At the heart of this project are VPN tunnels. Since this is an overlay network, the physical links for the network are through several NAT isolated links to the Internet. As such, it is critical that network tunnels be used to establish a virtual cable between the various nodes in the network.
However, tunnels are always a bit of a weird experience. I’ve done a lot of work over the year with small-scale OpenVPN tunnels for connecting my own PC to my home network while roaming, but I knew there were several other tunneling technologies out there.
After researching a few of the other technologies I discovered that the big technologies out there were PPTP (an old tech I’d known about for over a decade,) L2TP/IPSEC, SSTP, IKE, and OpenVPN. The first two are supported directly in Windows, which would have been nice.
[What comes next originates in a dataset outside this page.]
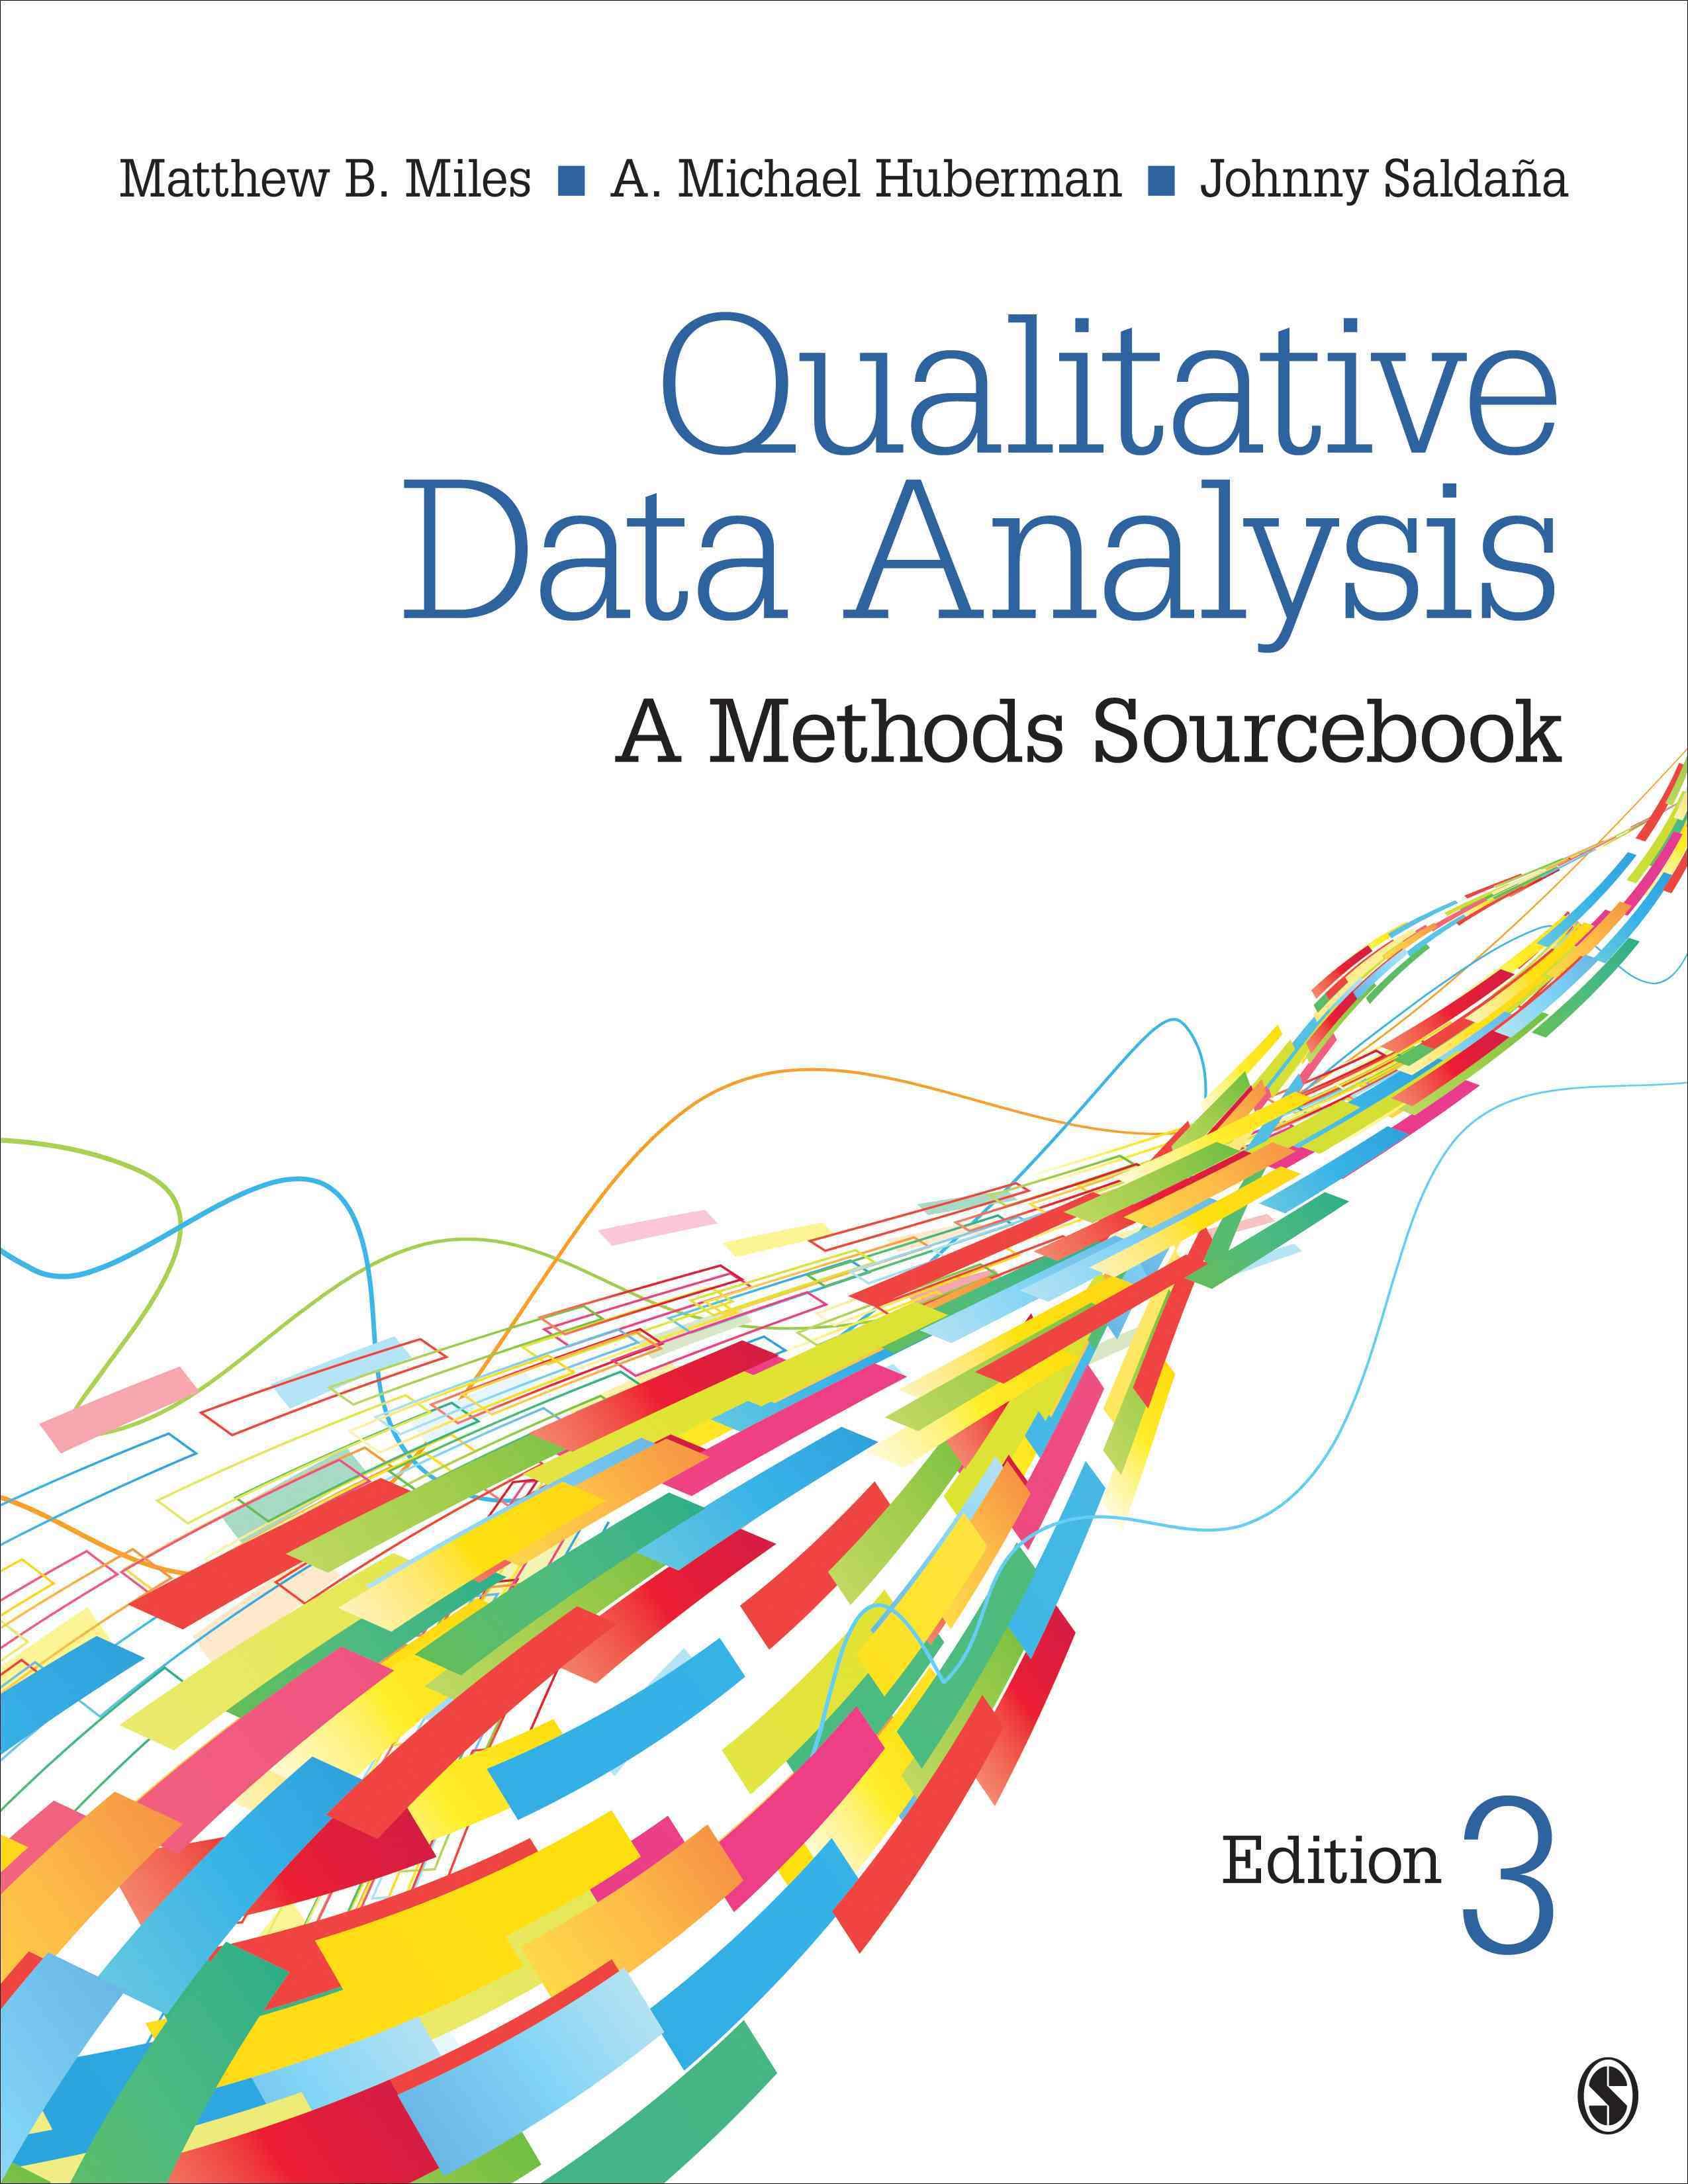 Qualitative Data Analysis: A Methods Sourcebook (Paperback)

However, each of them had their own problems.
PPTP is insecure. The initial tunnel’s authentication process is relatively easy to defeat and the PPP headers are unencrypted/unsigned.
L2TP/IPSEC isn’t well suited for NAT. Yes, there’s things you can do to enable NAT traversal by tunneling your tunnel, but at some point you realize that you’re sacrificing a ton of your MTU to headers. Also, L2TP/IPSEC is a pain to set up.
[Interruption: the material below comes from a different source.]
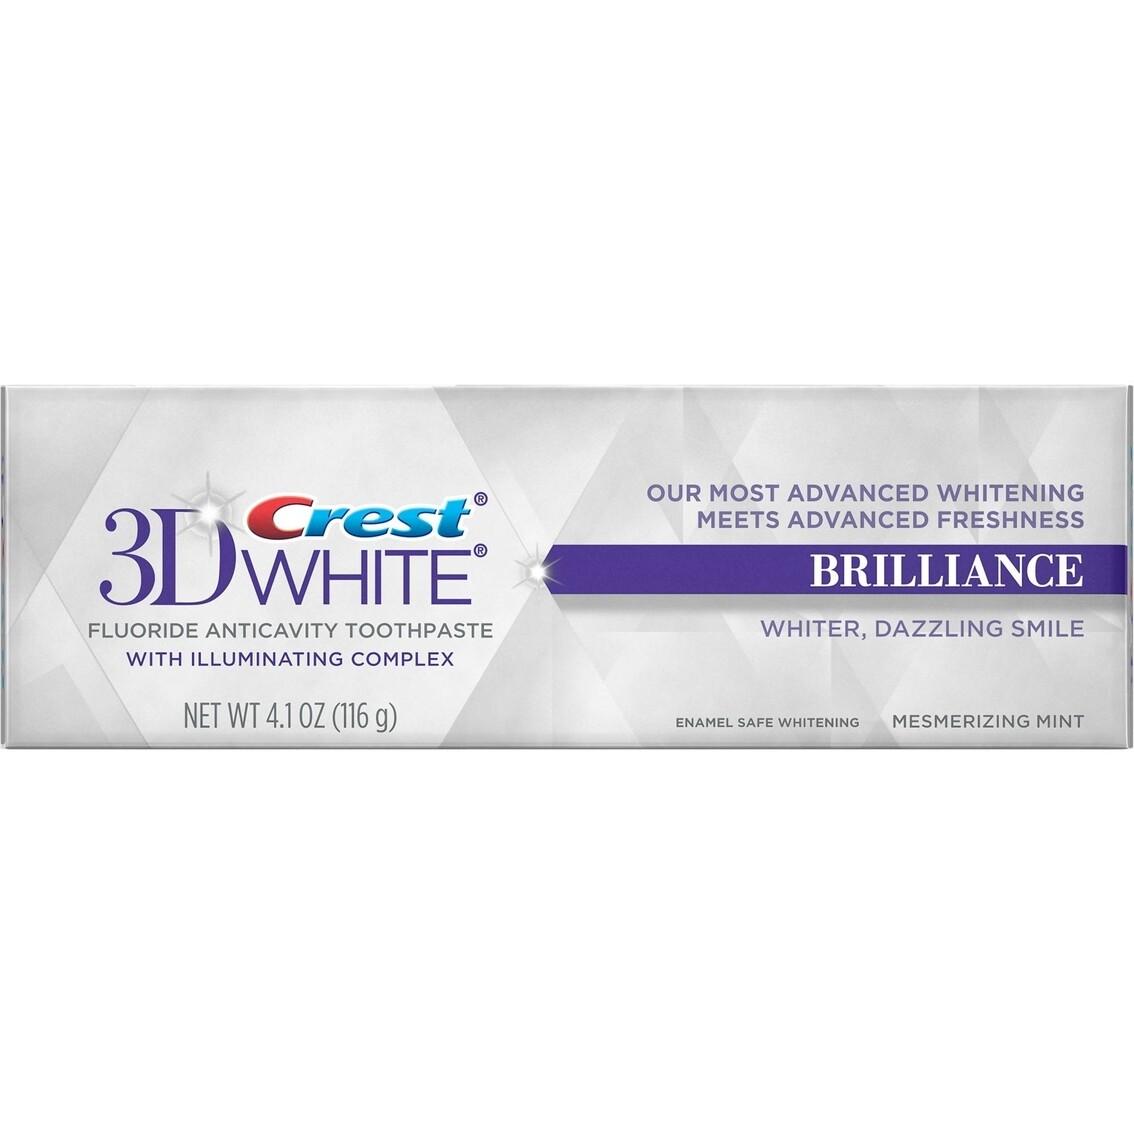 Crest 3D White Brilliance, Enamel Safe Teeth Whitening Toothpaste, Mesmerizing Mint Flavor 4.1 Oz

SSTP and IKEv2 aren’t well supported on Linux.
OpenVPN is fully encrypted and uses SSL/TLS authentication, but is somewhat proprietary.
At the end of the day, Oni and I had the most experience with OpenVPN coming into the project, and none of the other alternatives were compelling enough to make us learn a new server/client system. As such, we opted to use OpenVPN.
VPN tunnels come up in two places in the network. The first is in the router-to-router links. These are not setup as client-server relationships since they’re always one-to-one; essentially like the old PPP links used to connect routers. These were pretty easy to set up and debug.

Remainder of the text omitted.